Designing with Web Standards
- Author: Jeffrey Zeldman
- Language: English
- Genre: Non-fiction
- Publisher: New Riders
- Publication date: 2003
- ISBN: 9780735712010

= Designing with Web Standards =

Web development book by Jeffrey Zeldman

Designing with Web Standards, first published in 2003 with revised editions in 2007 and 2009, is a web development book by Jeffrey Zeldman. The book's audience is primarily web development professionals who aim to produce design work that complies with web standards. The work is used as a textbook in over 85 colleges.

== Summary ==
Written by Jeffrey Zeldman, a leading proponent of standards-compliant web design, Designing with Web Standards guides the reader on how to better utilize web standards pragmatically to create accessible, user-friendly web sites. Designing with Web Standards reiterates many of the arguments previously advanced by the Web Standards Project to highlight the benefits of standards-compliant web design.

The book first came out in 2003, and appeared in two revised editions, one in 2007, and another, co-authored with Ethan Marcotte, in 2009. Also in 2009, a companion volume appeared from the same publisher under the title Developing with Web Standards, written by John Allsopp.

== Critique ==
The book's third and most recent edition was released on October 25, 2009, by New Riders Press. It has received generally positive feedback, with a four out of five-star rating on Amazon.com from 137 reviewers.

Reviewers have noted that the witty, conversational tone of the book mixed with the in-depth technical analysis is enough “to keep you turning the pages.” Amazon.com book reviewer David Wall notes that the book is “a fantastic education that any design professional will appreciate.” A wall goes on to praise Zeldman's pragmatic approach, as well as the “tightly focused tips” he provides and bolsters with code examples to illustrate his point.

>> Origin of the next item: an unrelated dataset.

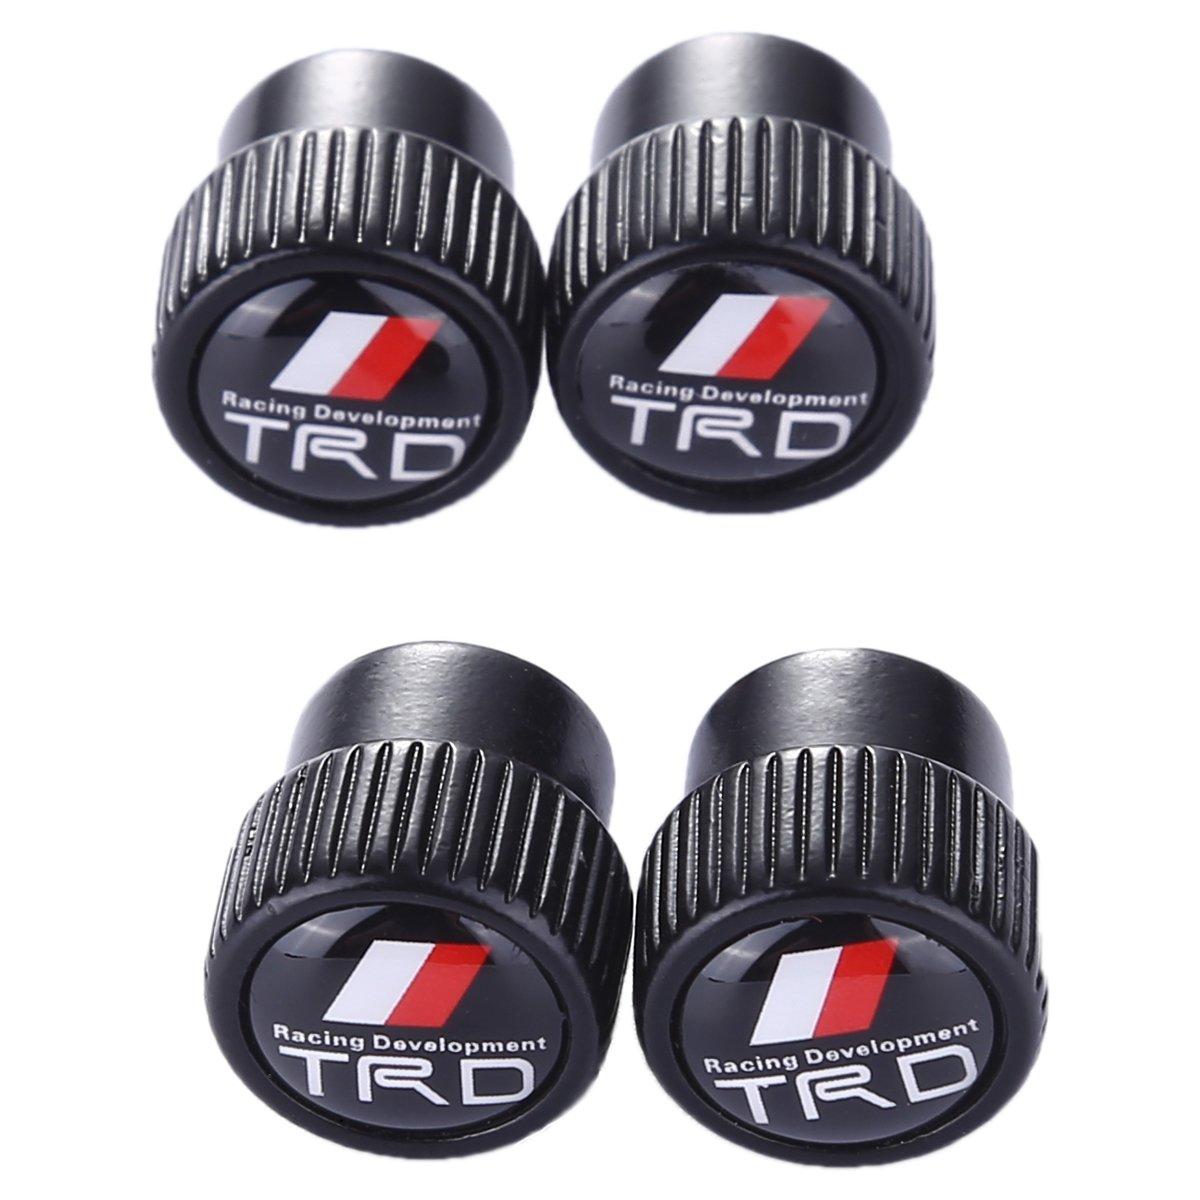 TK-KLZ 4Pcs Chrome TRD Logo Car Bike Scooter SUV Truck Tires Valve Stem Caps for Toyota Racing Development Modified Models Accessory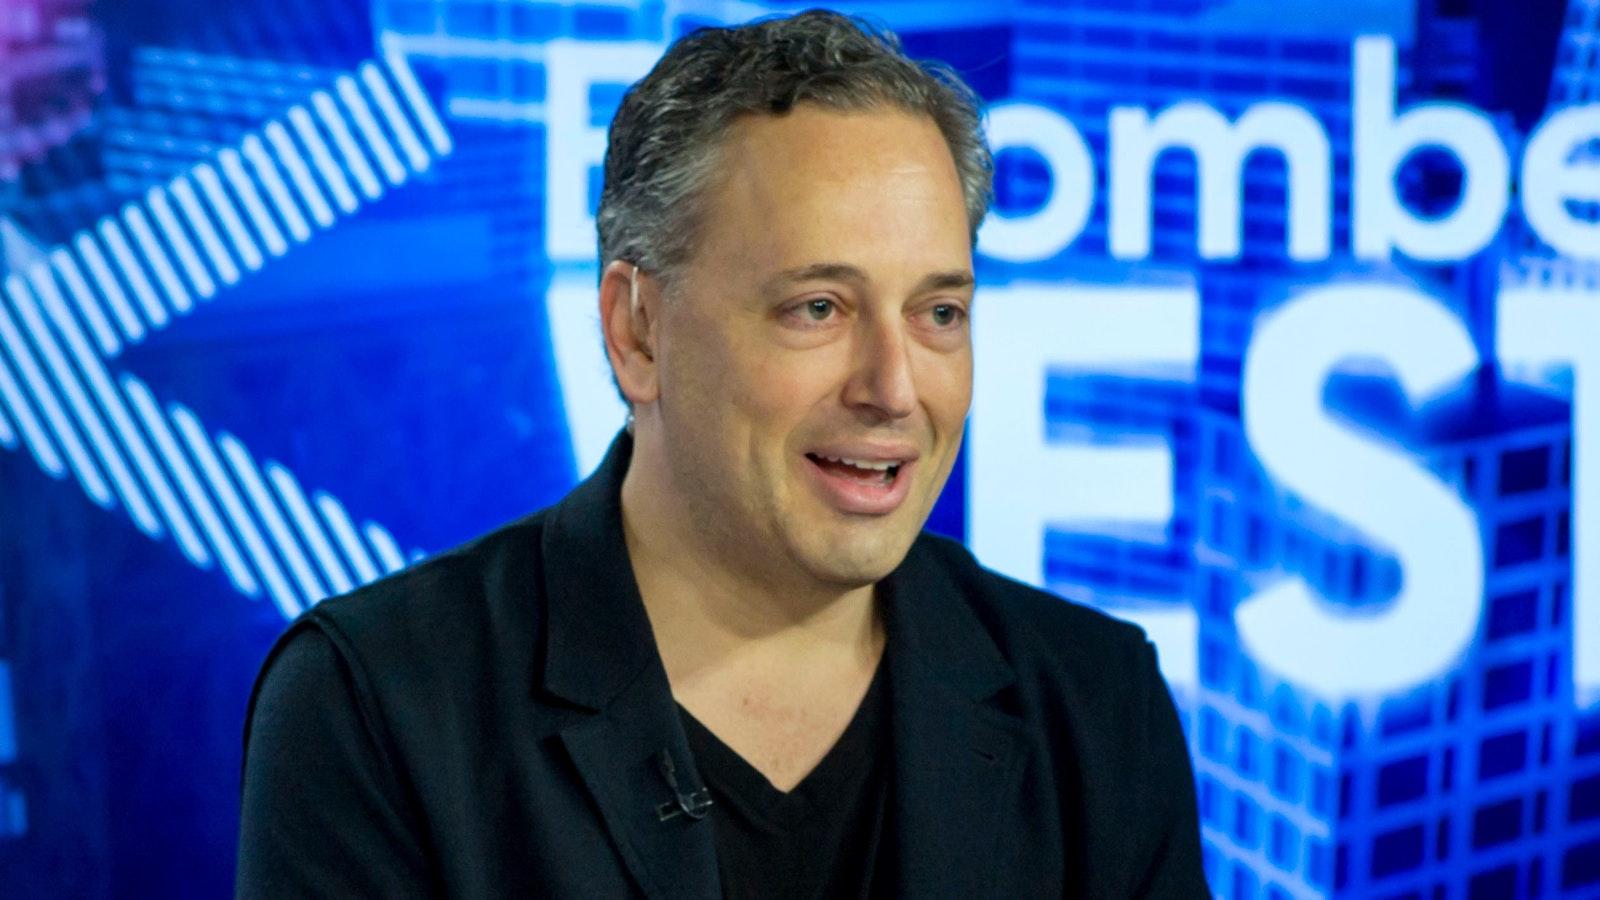 Zenefits CEO David Sacks. Photo by Bloomberg.

Some critics have said that the book is aimed more at web design novices and mentions a few out-of-date browsers, and is devoid of a lot of detail.

== Impact==
The first half of Zeldman's Designing With Web Standards in 2003 consolidated the case for web standards in terms of accessibility, search engine optimization, portability of content with an eye toward mobile and other emerging environments, lowered bandwidth and production cost, and other benefits. This section of the book addressed marketers and site owners as well as web developers and designers. The second section of the book was a how-to for designers and developers. How-to books were common in the web industry, although almost none at the time taught web standards. What made the first edition of Designing with Web Standards unique was its focus on making the case for forwarding compatibility, accessibility, and SEO to all who own, manage or use web sites, not just developers.

The book is credited with converting the industry from tag soup and Flash to semantics and accessibility via correct use of HTML, CSS, and JavaScript. Subsequent editions, while continuing to address the state of the Web and the benefits of standards-based design, have also focused on emerging technologies such as HTML5 and CSS3, and on emerging design strategies such as Responsive Web Design (RWD) and "Mobile First."

The book cover famously showed Zeldman with a blue knit hat, which inspired Douglas Vos to invent the Blue Beanie Day, an annual international celebration of web standards which began in 2007.

== Translations ==
Designing with Web Standards has been translated into 15 different languages, including (for the last edition) Italian, Chinese, Hungarian, Polish and Portuguese.